● Collected data

+ + +

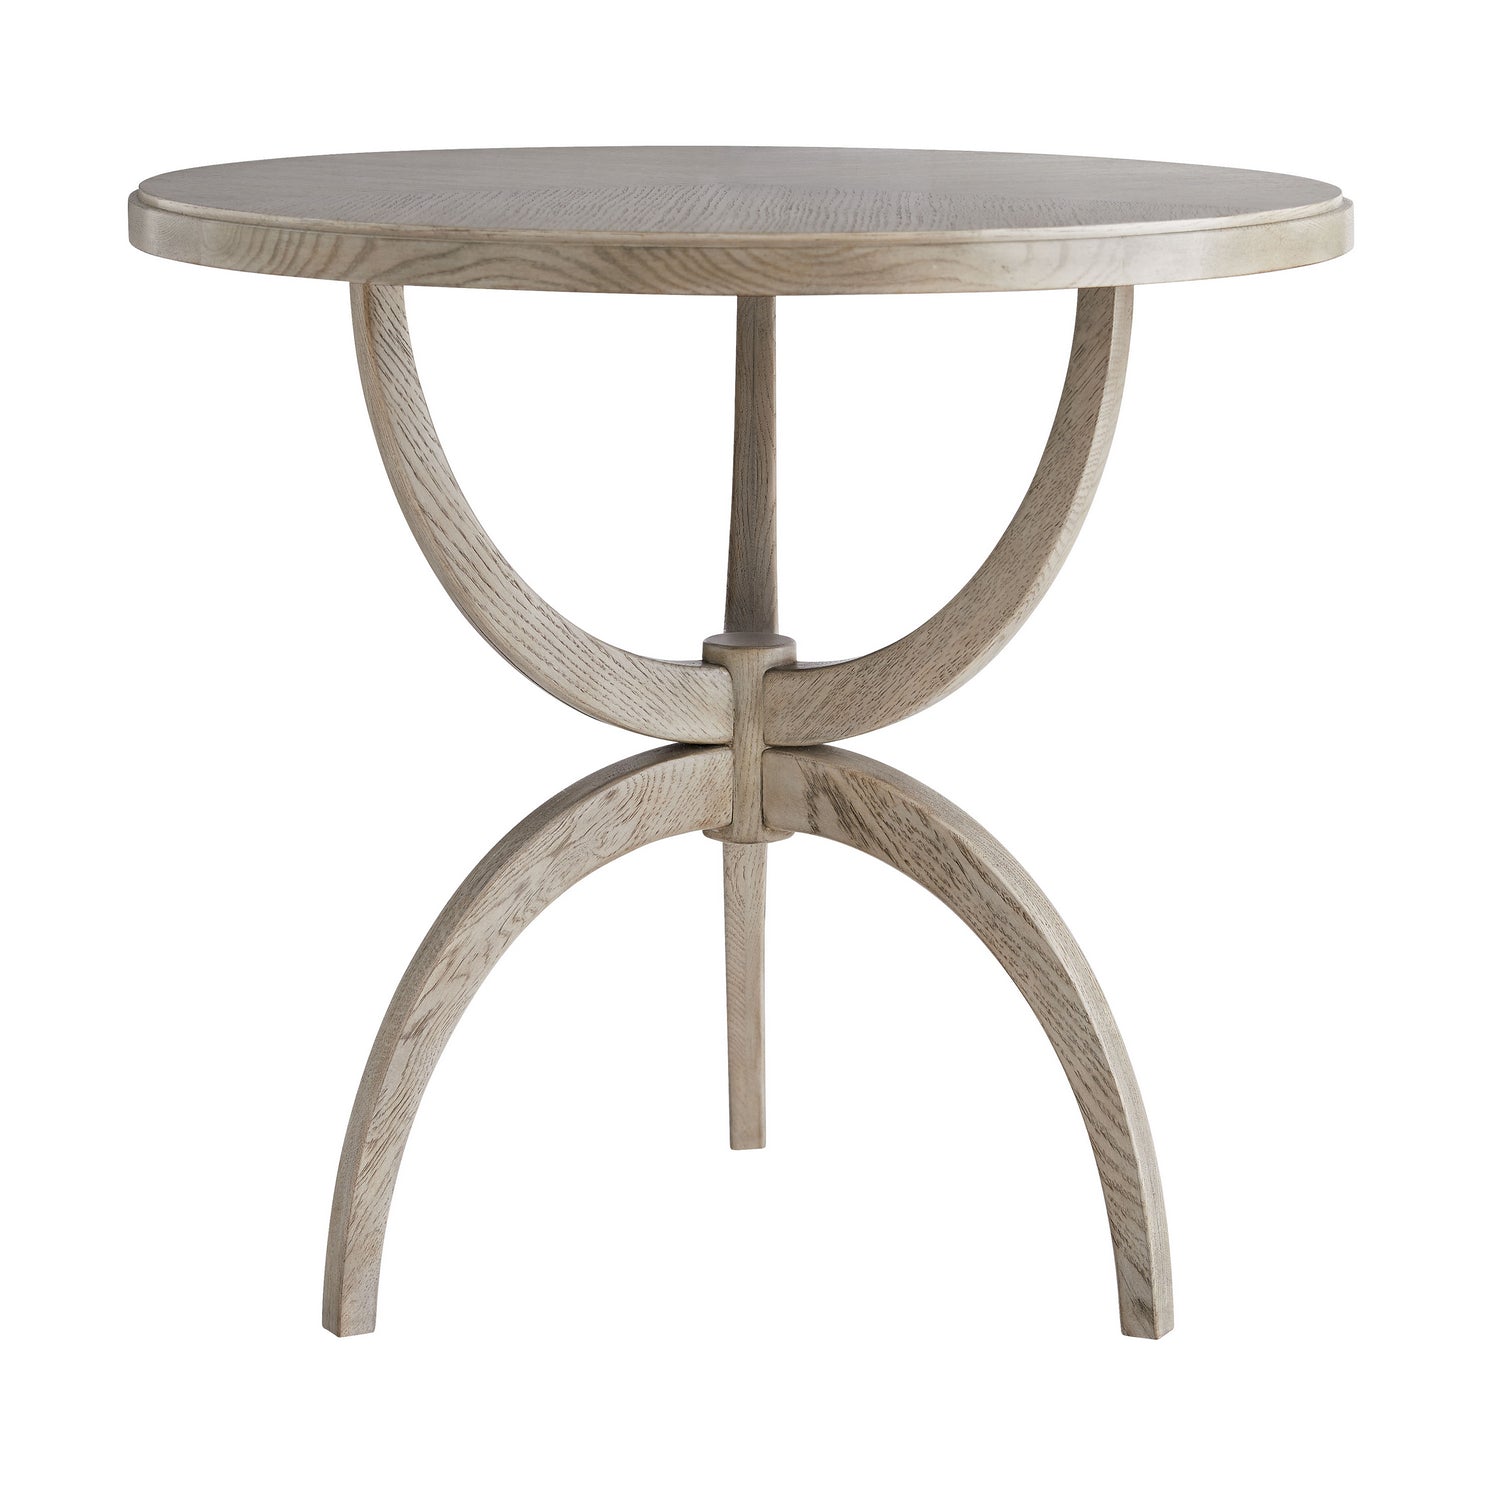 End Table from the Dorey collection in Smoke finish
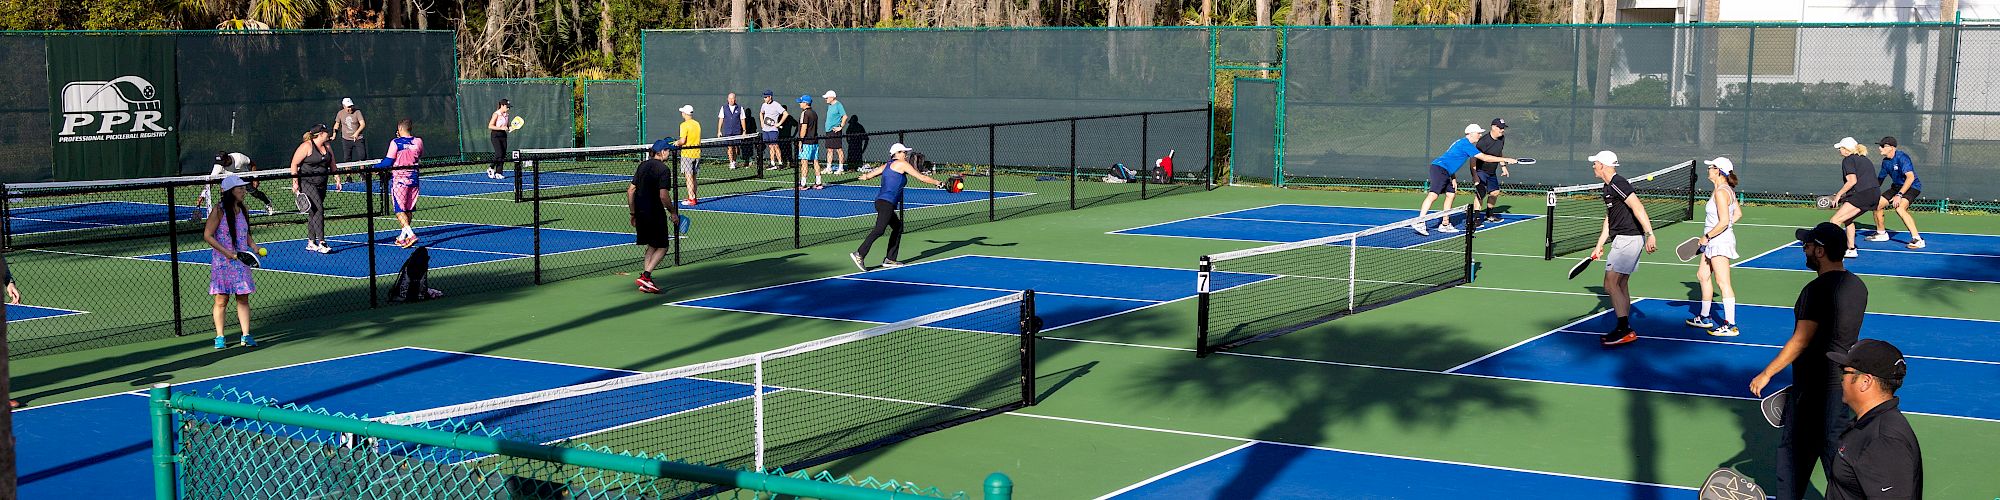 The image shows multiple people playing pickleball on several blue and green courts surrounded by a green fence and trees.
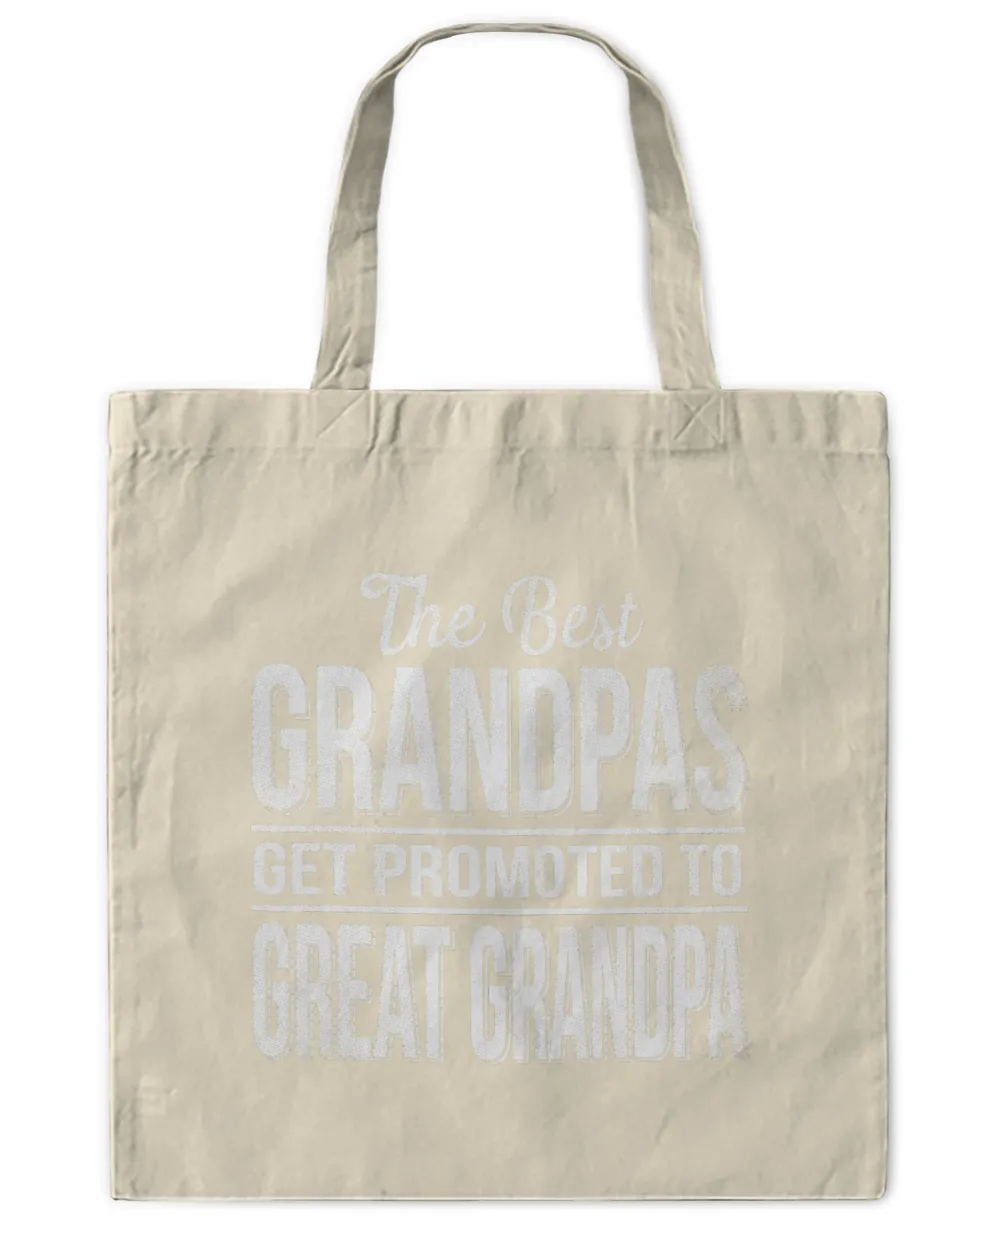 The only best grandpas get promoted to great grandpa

+ + +

● What the task requires
Write out every line above exactly as it is, leaving out the pictures.

● Result of this exercise
 End Table from the Dorey collection in Smoke finish
 The image shows multiple people playing pickleball on several blue and green courts surrounded by a green fence and trees.
 The only best grandpas get promoted to great grandpa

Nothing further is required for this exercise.